STATUE OF A FOREIGN AUTOCRAT SITS UNEASILY WITH SOME
New York Times
Nov 13 2012
By ELISABETH MALKIN
Published: November 12, 2012
MEXICO CITY - When the mayor inaugurated a pretty little garden fronted
by a very large statue at the edge of the central Chapultepec Park
last summer, it seemed another step forward in his drive to improve
the quality of life in this impossible city.

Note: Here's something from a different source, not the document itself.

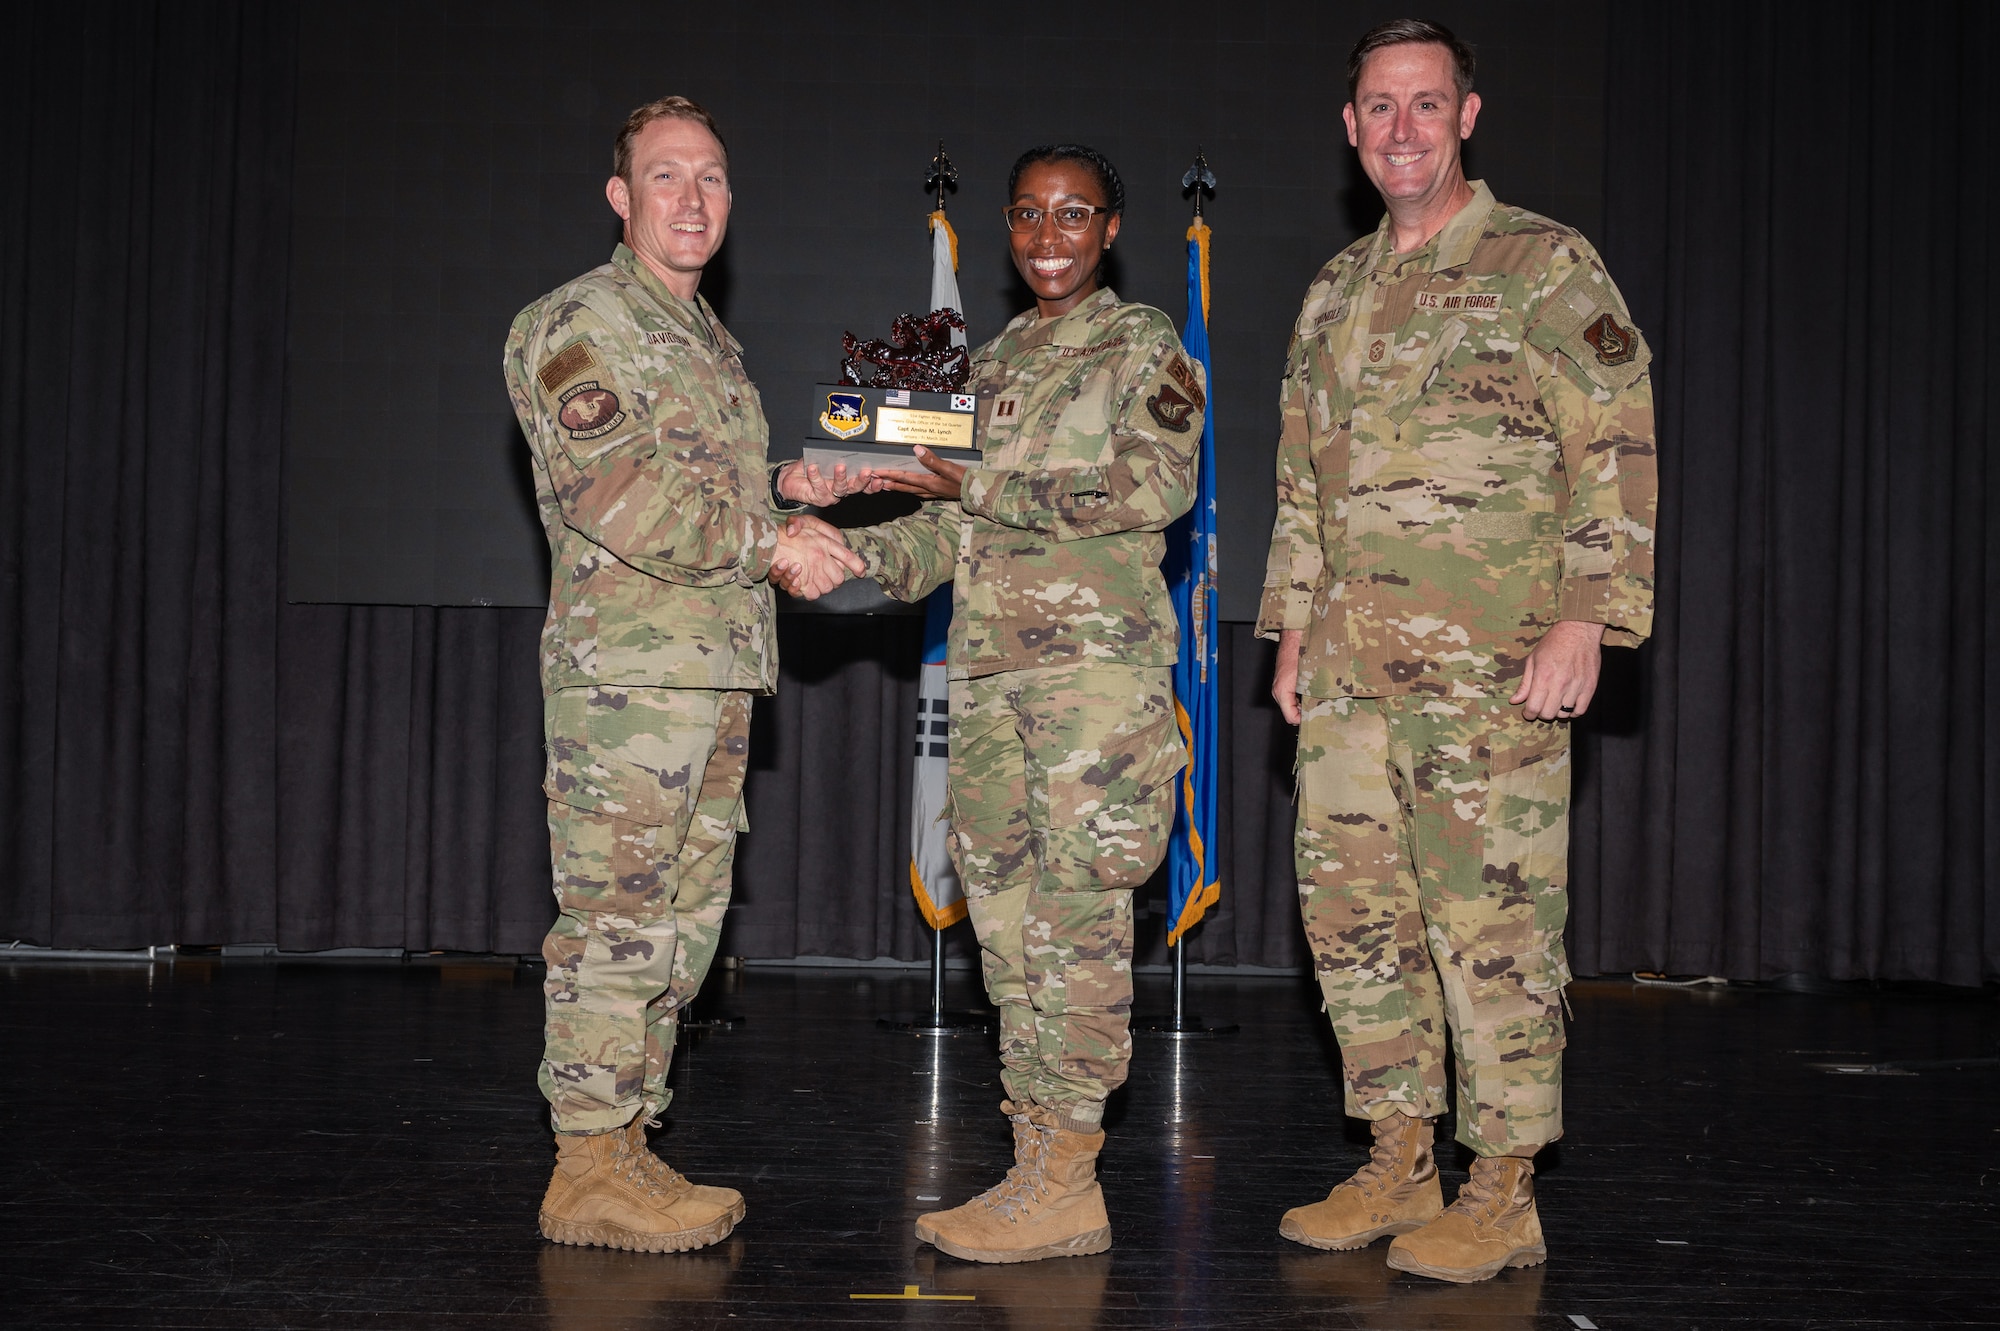 The 51st Fighter Wing command team presents the Company Grade Officer of the Quarter award to Capt. Amina Lynch, 51st Force Support Squadron sustainment services flight commander, during the 51st FW quarterly awards ceremony at Osan Air Base, Republic of Korea, April 19, 2024. 51st FW leadership regularly acknowledges outstanding performers, expressing appreciation for their contributions to the "Fight Tonight" mission. (U.S. Air Force photo by Airman 1st Class Chase Verzaal)

But a quick check on Google might have spared Mayor Marcelo Ebrard
from what happened next.
Speaking off the cuff, the mayor praised the statue's subject -
a complete stranger to many Mexico City residents - as "a great
political leader, a statesman."
The statue portrays Heydar Aliyev, who ruled Azerbaijan with a stern
hand after the breakup of the Soviet Union. A K.G.B. general and
Communist Party boss, who died in 2003, Mr. Aliyev made himself the
center of a cult of personality, his image gracing villages across
the tiny country.
The admiration has spread since his son, Ilham H. Aliyev, became
president nine years ago. Statues have gone up in Russia, Ukraine,
Turkey, Egypt, Georgia, Romania and Serbia in homage to the father
of modern Azerbaijan.
The Mexico City version, though, is proving to be an uncomfortable fit.
During Mr. Ebrard's six-year term, this city has aspired to be a
progressive New World capital, legalizing abortion and approving
same-sex marriage. Often sounding more like the mayor of a Scandinavian
capital than of a Latin American megalopolis, Mr. Ebrard has promoted
bike-sharing programs and championed urban gardens and buildings
constructed with the environment in mind.
"This is a liberal city; this is a city which has nothing to do with
anything that could be called a dictatorship," Mr. Ebrard said in an
interview. "We believe in democracy and human rights."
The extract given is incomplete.